You're right though, since the HY02D223B doesn't specifically support modbus-rtu then this would be an issue. It might be possible to solve that by allowing the "Modbus device" (bad name for this I know) to use either Modbus or raw UART, with the raw UART setting having options for unCRC'd, CRC16'd etc.

gloomyandy

@NineMile I guess the question is how often do you actually need to issue spindle control commands and how often do you actually need to read data from the spindle? Unless there is some sort of closed loop control going on I would hope the answer would be not very often. Even with the reads being handled by daemon.g I would hope that if there is a loss of communication you could raise an event. if there is some sort of safety issue here that needs a fast response I'm not sure that handling that via modbus is a very good solution. Don't these devices typically have some sort of "alarm" function/signal that can be hooked up to an input pin?

I don't really like the idea of having some sort of "HAL" built into RRF, it makes adding support for new devices much harder and adds extra code (so more flash space and stuff to maintain), that has zero benefit for the majority of RRF users.

An interesting question is that if we went this way should we keep the existing modbus gcode commands (that handle the various register/coil commands) or drop them and simply have a modbus read/write command that does the minimal framing (timing + <packet content> + crc) and leave it up to scripts to construct the "packet content"? At the moment we only support a subset of the modbus-rtu commands listed in this document: https://www.modbus.org/docs/Modbus_Application_Protocol_V1_1b3.pdf so the current implementation may need expanding?

NineMile

@gloomyandy said in Modbus Spindle Control:

would hope that if there is a loss of communication you could raise an event. if there is some sort of safety issue here that needs a fast response I'm not sure that handling that via modbus is a very good solution. Don't these devices typically have some sort of "alarm" function/signal that can be hooked up to an input pin?

There's usually a configuration on the VFD side that can be used to trigger an alarm if there's been no communication in a particular amount of time, with additional configuration to control how the VFD responds to that.
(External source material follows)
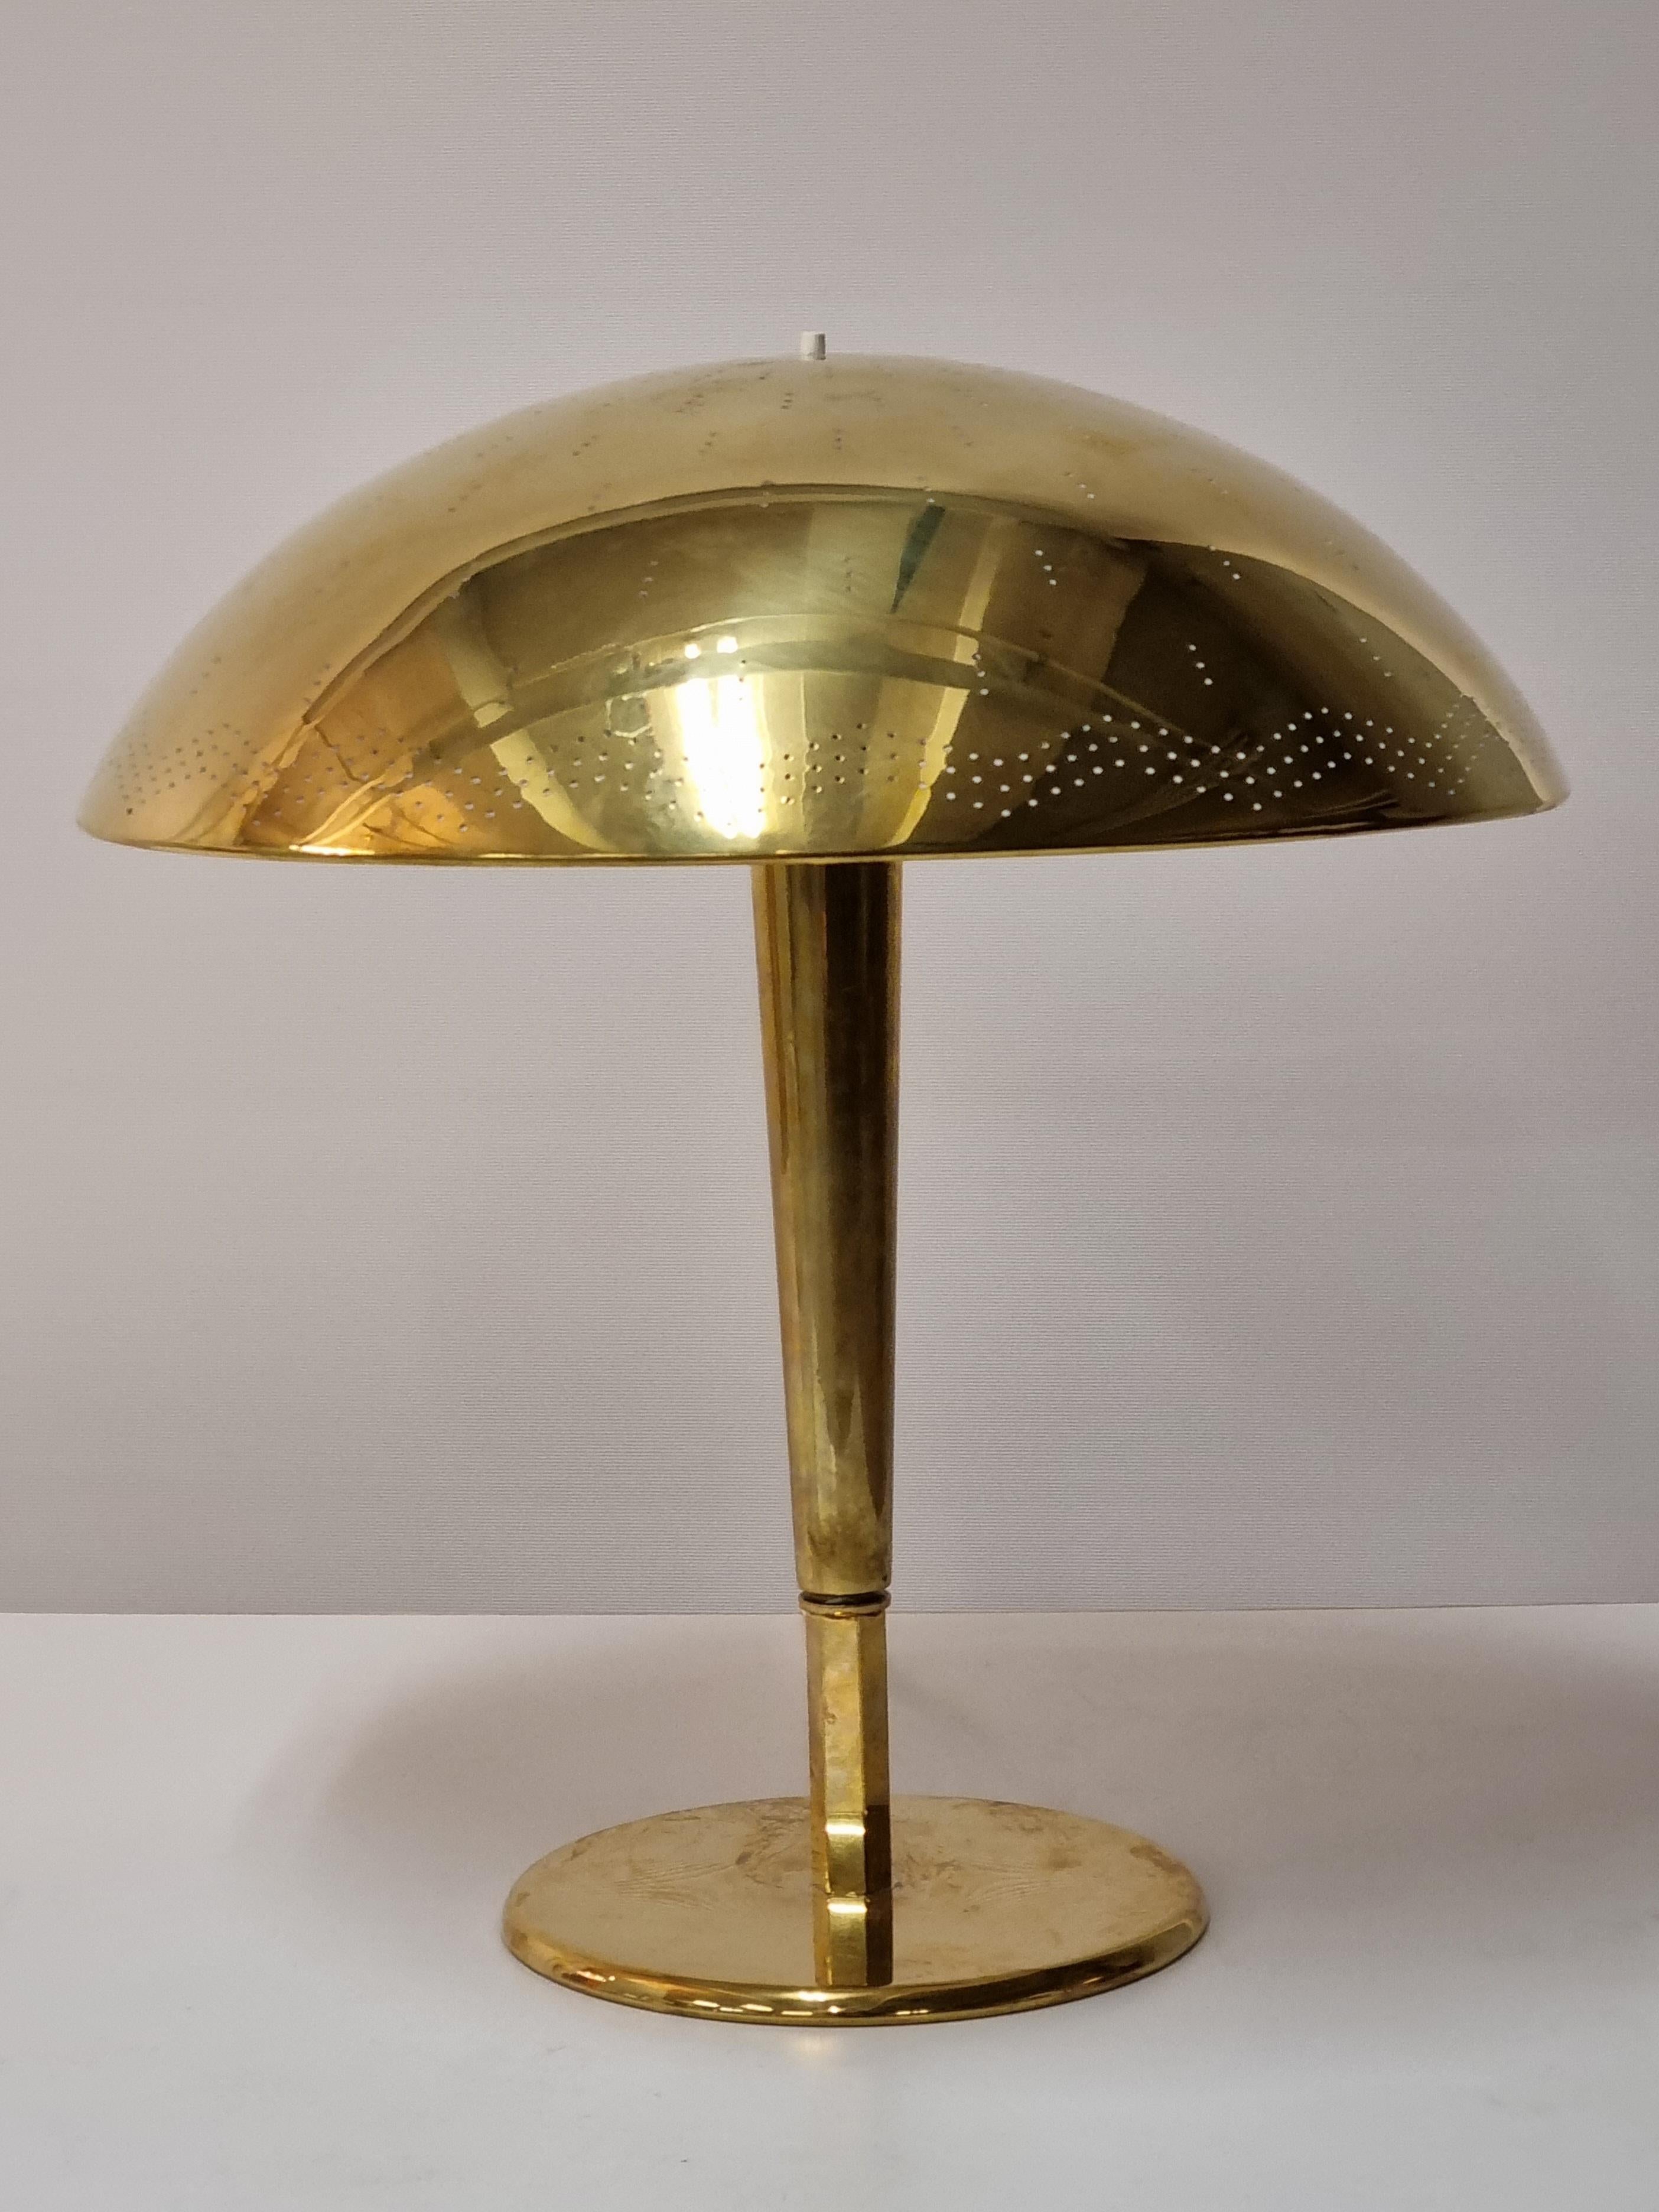 Finnish Paavo Tynell Table Lamp, Model 5061, Idman, 1950s For Sale
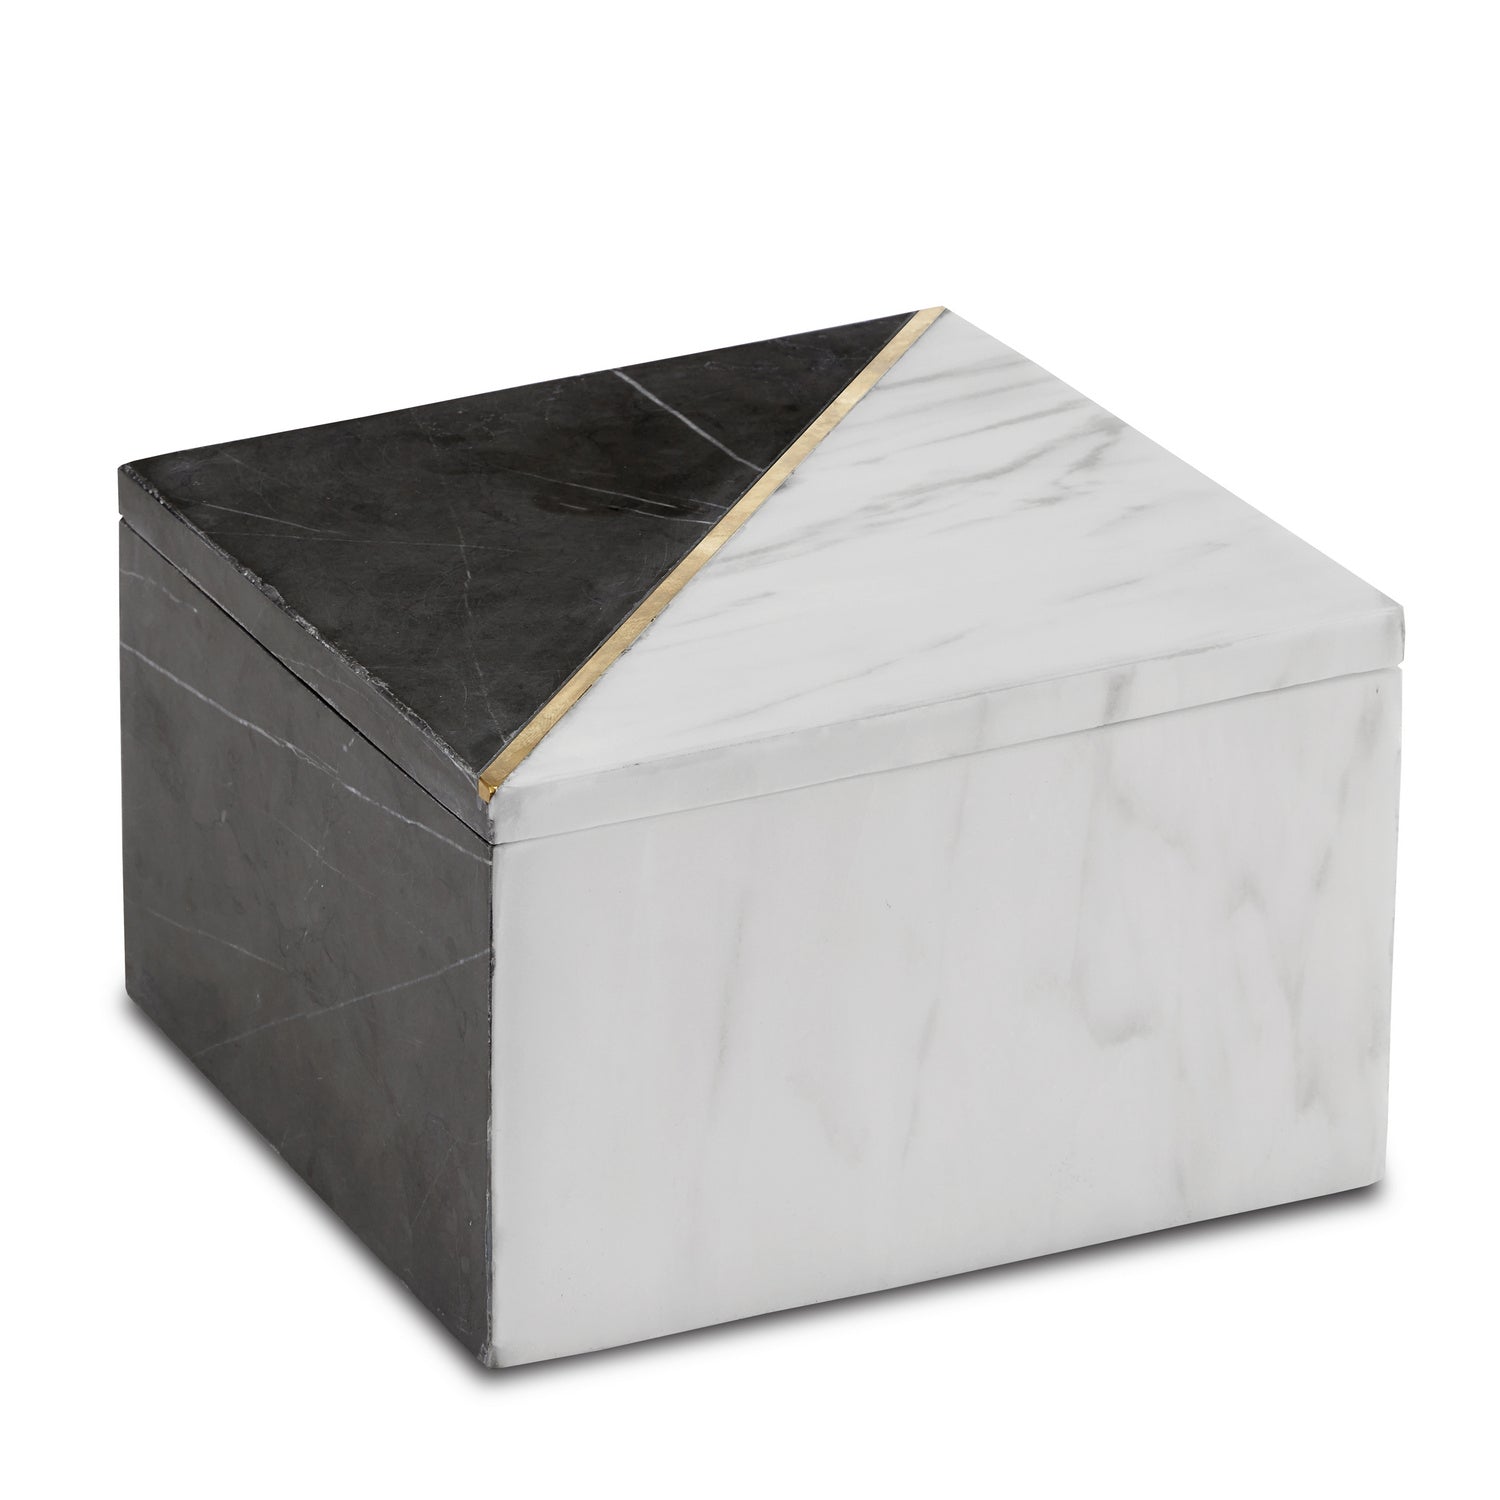 Box from the Deena collection in White/Black/Brass finish

For example on my Shihlin SL3 I have it configured to alarm and stop if there's no comms from RRF in 2 seconds.

I think this could be done from the RRF side by tracking the last successful read from the VFD and either pausing or emergency stopping if it's been too long.

@gloomyandy said in Modbus Spindle Control:

An interesting question is that if we went this way should we keep the existing modbus gcode commands (that handle the various register/coil commands) or drop them and simply have a modbus read/write command that does the minimal framing (timing + <packet content> + crc) and leave it up to scripts to construct the "packet content"? At the moment we only support a subset of the modbus-rtu commands listed in this document: https://www.modbus.org/docs/Modbus_Application_Protocol_V1_1b3.pdf so the current implementation may need expanding?

If you discount CRC, the only real difference between the Modbus gcodes and the UART gcodes is that the Modbus ones restrict the functions that can be called. It might make more sense to add a CRC option to the UART commands and let the caller build the packet contents in whatever fashion they want rather than having commands specifically for modbus-rtu.

If we want to make it easier to build particular packet formats then maybe we could just add meta gcode functions instead (we could actually do that for CRC if we don't want to add an option to the UART command itself). Maybe just remove M260.1 and M261.1 entirely and move that functionality into meta gcode functions for packet building / parsing?

Actually the more I think about it the more I think you're right that macros are the right approach. It means people could implement entirely custom spindle control systems, and from the spindle control side it would just need an additional spindle type that calls system macro files if they exist

gloomyandy

@NineMile said in Modbus Spindle Control:

f you discount CRC, the only real difference between the Modbus gcodes and the UART gcodes is that the Modbus ones restrict the functions that can be called. It might make more sense to add a CRC option to the UART commands and let the caller build the packet contents in whatever fashion they want rather than having commands specifically for modbus-rtu.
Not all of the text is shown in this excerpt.